Which node opens the connection? I assume it’s Master -> Client? Under which user the Icinga Agent is running, the default?

Best regards
Michael

Thanks Michael, I had the same thoughts.

But I think the Agent is blocking himself, I can start the Agent almost immediately after it crashes through because of the new configuration.

Edit:

Nothing special on the Screenshot.
I can easily restart the agent without problems.

Both can open a connection, they know each other.
User is the local SYSTEM account.

This is key that only one connection direction is attempted (docs: “endpoint connection direction”). Can you share the Endpoint definitions from the master and the client’s zones.conf? I guess all of them have the host attribute specified.

I don’t have to share them. I know that I configured the endpoint attribute on both sides.

In other words: If I remove the endpoint attribute from the client, everything should work as expected?

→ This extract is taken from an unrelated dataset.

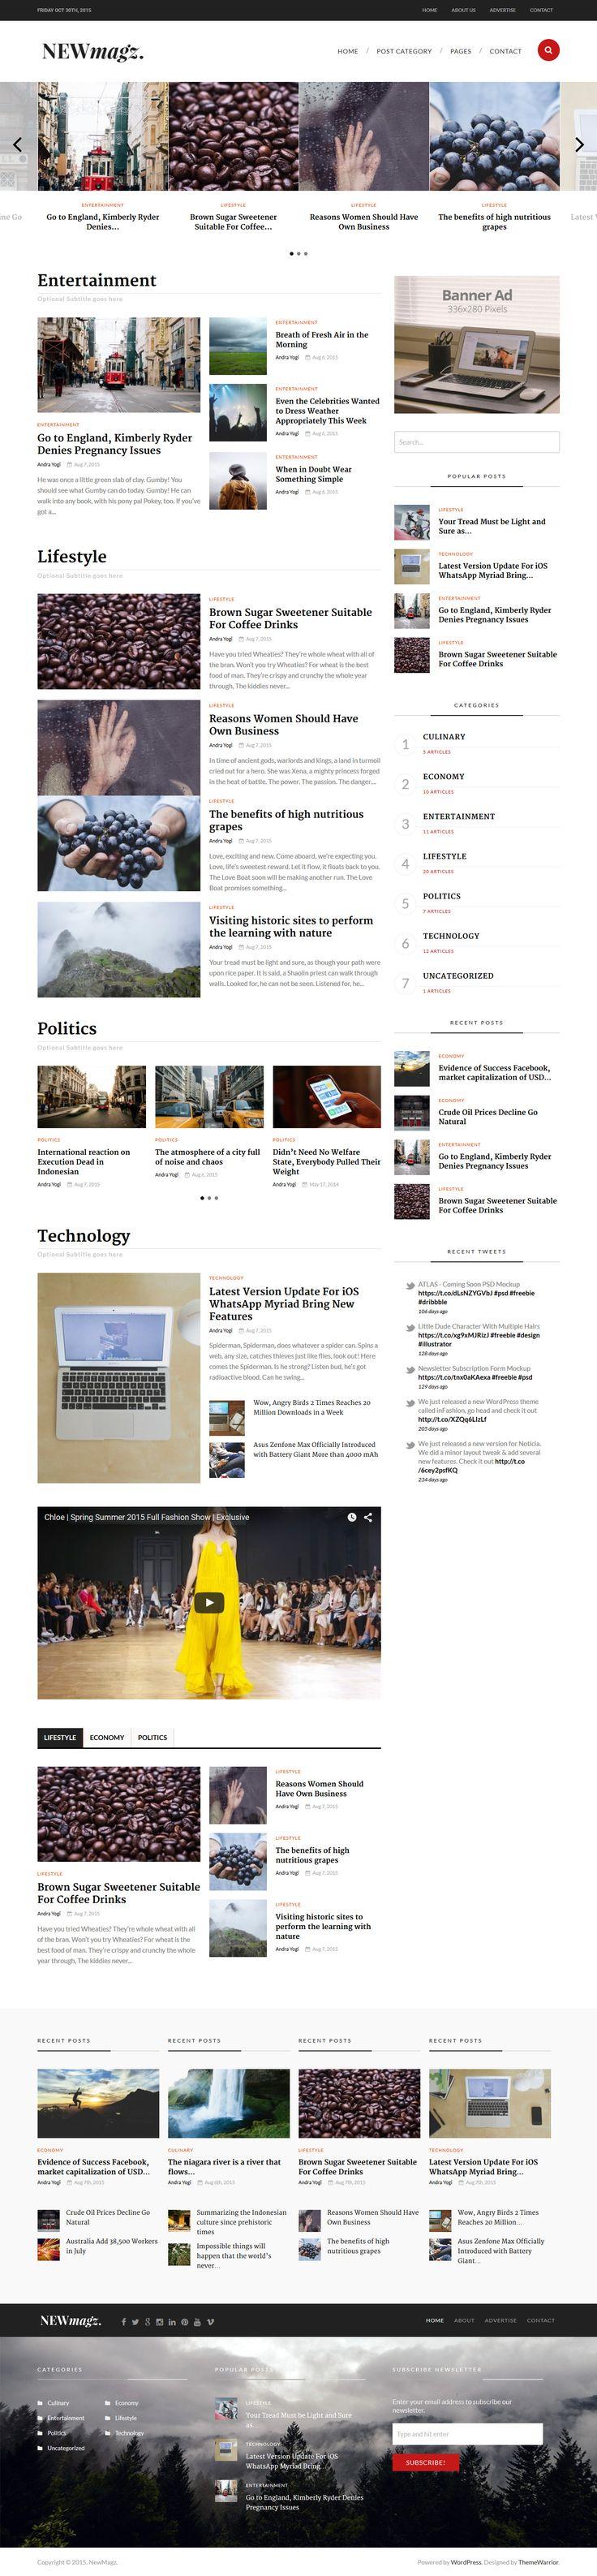 NewMagz - WordPress Magazine Theme #wpress Download: http://themeforest.net/item/newmagz-wordpress-magazine-theme/12845644?ref=ksioks

The “I know everything, so I don’t show you” behaviour isn’t really helpful here. If you want help for free, be so kind and answer questions in a gentle way.

Regards,
Michael

2 Likes

Don’t be so negative… It’s just easier to answer things I already know.

Master:

object Endpoint "shdeofgvim01" {
        host = "10.21.244.200"
}

object Zone "xxxxxxx Master-Zone" {
        endpoints = [ "shdeofgvim01" ]
}

object Zone "global-templates" {
        global = true
}

object Zone "director-global" {
        global = true
}

Satellite 1:

object Endpoint "shdeofgvim01" {
        host = "10.21.244.200"
        port = "5665"
}

object Zone "master" {
        endpoints = [ "shdeofgvim01" ]
}

object Zone "global-templates" {
        global = true
}

object Zone "director-global" {
        global = true
}

object Endpoint NodeName {
}

object Zone ZoneName {
        endpoints = [ NodeName ]
        parent = "master"
}

Client:

object Endpoint "shdeofgvim01" {
        host = "10.21.244.200"
}

object Zone "xxxxxx Master-Zone" {
        endpoints = [ "shdeofgvim01" ]
}

object Zone "global-templates" {
        global = true
}

object Zone "director-global" {
        global = true
}

As I said, everyone know each other. :wink:

Edit:
TCP Listener is enabled through Setup Wizard, if it helps.

The client is connected to the master zone, not the satellite.

object Endpoint "shdeofgvim01" {
        host = "10.21.244.200"
}

object Zone "xxxxxx Master-Zone" {
        endpoints = [ "shdeofgvim01" ]
}

If actively connects there using the host attribute.

This explains why the satellite does not have any client Endpoint object.

The master node doesn’t have a client Endpoint object.

Seems the configuration is not entirely complete. If you don’t manage everything in zones.conf,

icinga2 object list --type Endpoint
icinga2 object list --type Zone

from all three instances is also an option.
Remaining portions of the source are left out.